Years ago, Francis spoke harshly of the Protestant reformers. But in the run-up to the trip, he has had only words of praise for Luther. He recently called the German theologian a reformer of his time who rightly criticized a church that was "no model to imitate."

"There was corruption in the church, worldliness, attachment to money and power," Francis told reporters this summer.

They are the same abuses Francis has criticized in the 21st-century Catholic Church he now leads.

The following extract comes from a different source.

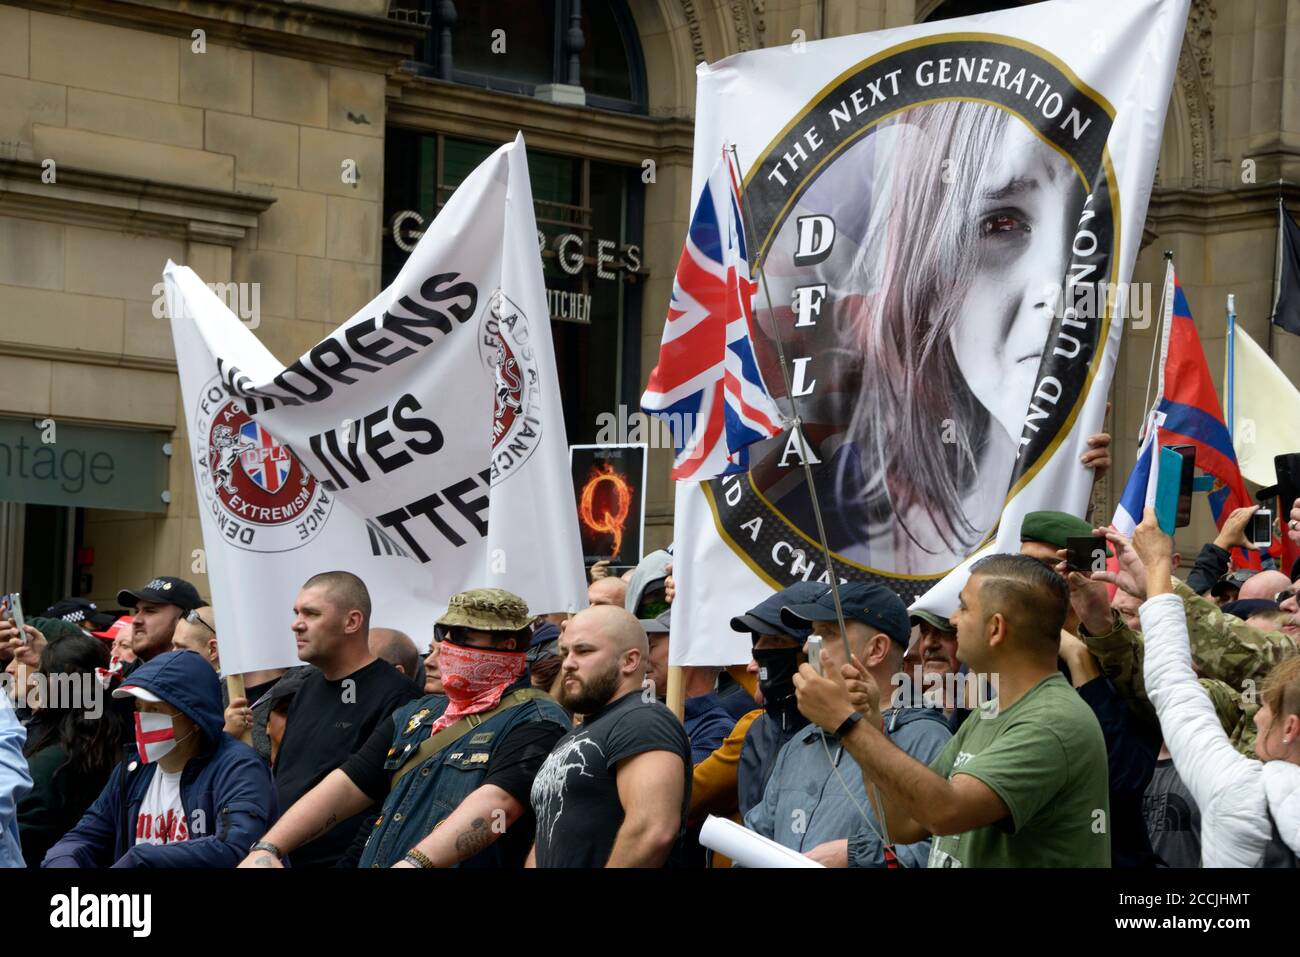 Right wing anti-pedophile protesters with banners, in Nottingham. Stock Photo

Source: Pope Francis - As quoted by Andrew Medichini, Jan M. Olsen & Nicole Winfield of the Associated Press, "Pope on Reformation: Forgive 'errors' of past, forge unity", 31 Oct 2016, https://www.yahoo.com/news/reformer-pope-heads-sweden-mark-luthers-reforms-050227744.html

Learnings from an NDE (Near-Death Experience)

Omoye Agbontaen:

Do you have any recommendations for how people can experience and cultivate an atmosphere where they can experience a portion of the love that you experienced in heaven? ...


Dr. Mary Neal:

I mean, we're all broken. And you have to get to the point where you recognize that, and realize, like "OK." I mean, like a good friend, they can be jerks one day, but you're not going to stop being their friend. But it's sort of a snowball, that as you begin to walk that walk, and express that love to yourself and to others, the intensity of it does build.
One little trick, for example. (I'm not going to pretend that I like every person I meet. But, having said that ...) If I meet someone that they just bug me, and my initial reaction to them is not one of love, it's really interesting, because I can, first of all, consciously remind myself that this person in front of me is an incredibly beloved child of God, I remind myself of that.
And then I find one thing about them that I like or that I appreciate, it can be anything so silly
the color of their shirt, any little thing. It's amazing, if I can pick out that first thing, and then I start feeling love for that, it grows, and very rapidly, I'm amazed at myself, now it happens almost instantaneously, I can go from meeting someone and thinking, "Uh, I don't like this person", to feeling incredible love for them, very quickly, and it's all because you just have to practice love, you have to practice love, and then it becomes second nature.

Source: Dr. Mary Neal - Q&A during Rez Week 2020, 2 April 2020
https://youtu.be/SN-B8sN7BKc?t=7567 (2:06:12, 2:09:01ff)

Amazed that the Holy Spirit was poured out, even on ...

(44) While Peter was still speaking, the Holy Spirit came upon everyone who heard his message. (45) The circumcised Jewish believers who had come with Peter were amazed that the gift of the Holy Spirit had been poured out even on non-Jews, (46) for they heard them speaking in tongues (spiritual languages) and praising God. Then Peter said, (47) “These non-Jews have received the Holy Spirit just as we Jews have; surely no one can stop them from being baptized in water.” (48) So Peter told the Jews to baptize them in the name of Jesus Christ. Then they asked Peter to stay with them for several days.